I think sometimes during the season that’s difficult because they want to look down the road. But there’s no down the road; this is it. And what we’ve done to this point is give ourselves an opportunity to play one more time in the granddaddy of them all. So I think just try to keep them focused and stay on task. I never have to worry about our players in terms of their focus. They’re the most focused group that I’ve ever been around.
I’d imagine at this point you feel, especially tonight, that you’ve done all the preparation that you can up to this point. How do you relax and maybe not even think about tomorrow’s game, or do you? No, that’s not going to happen. We’ll be thinking about the game. You don’t sleep much, didn’t sleep much last night, won’t sleep much tonight. But I don’t sleep much anyway.

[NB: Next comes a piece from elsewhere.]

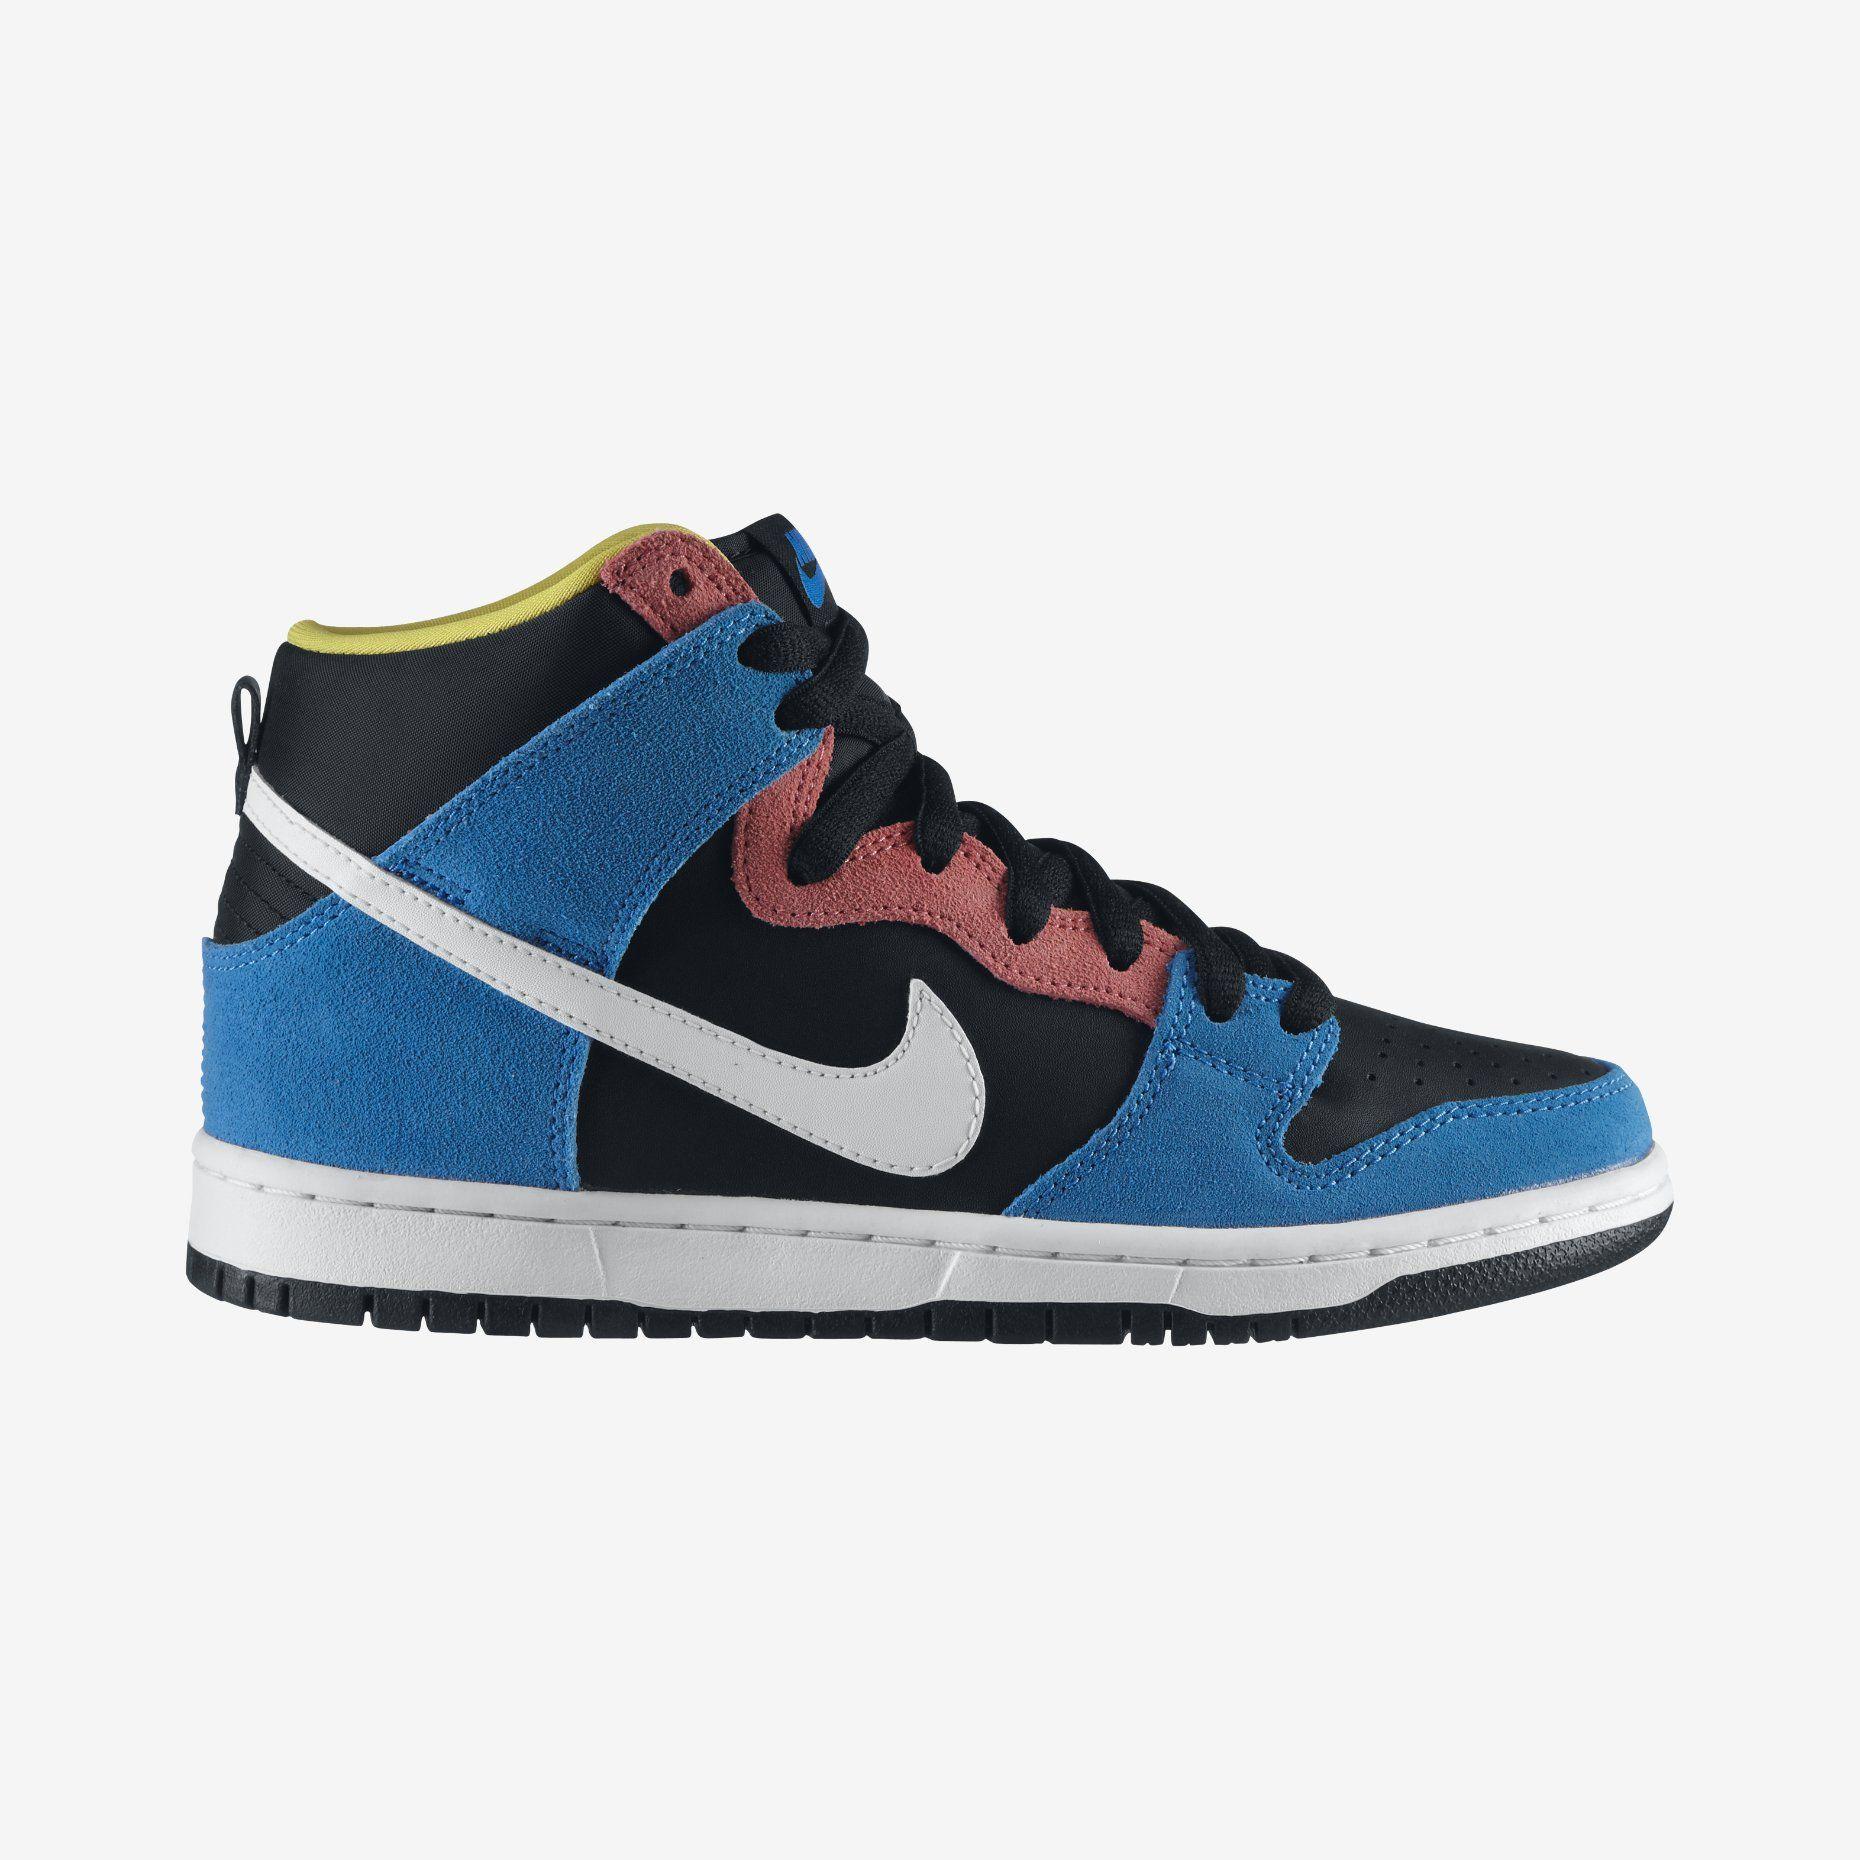 Nike Dunk High Pro SB Men's Shoe | Nike dunks, Shoes mens

So much has been made of Ohio State’s defense, and your team has talked about speed this week on offense on your part. What’s going to be the real key for you on offense and execution to overcoming that defense? You know, I think the first quarter itself will be a feeling out process in terms of us actually getting an idea of what their scheme is going to be. Most of the time in league play, because of what we do offensively, what we see on tape isn’t what we get in the game, so there will be that first kind of feeling out process, them for us, us for them, and then just kind of settling down and getting into a rhythm. If we can get into a rhythm offensively, we feel like we’re pretty good.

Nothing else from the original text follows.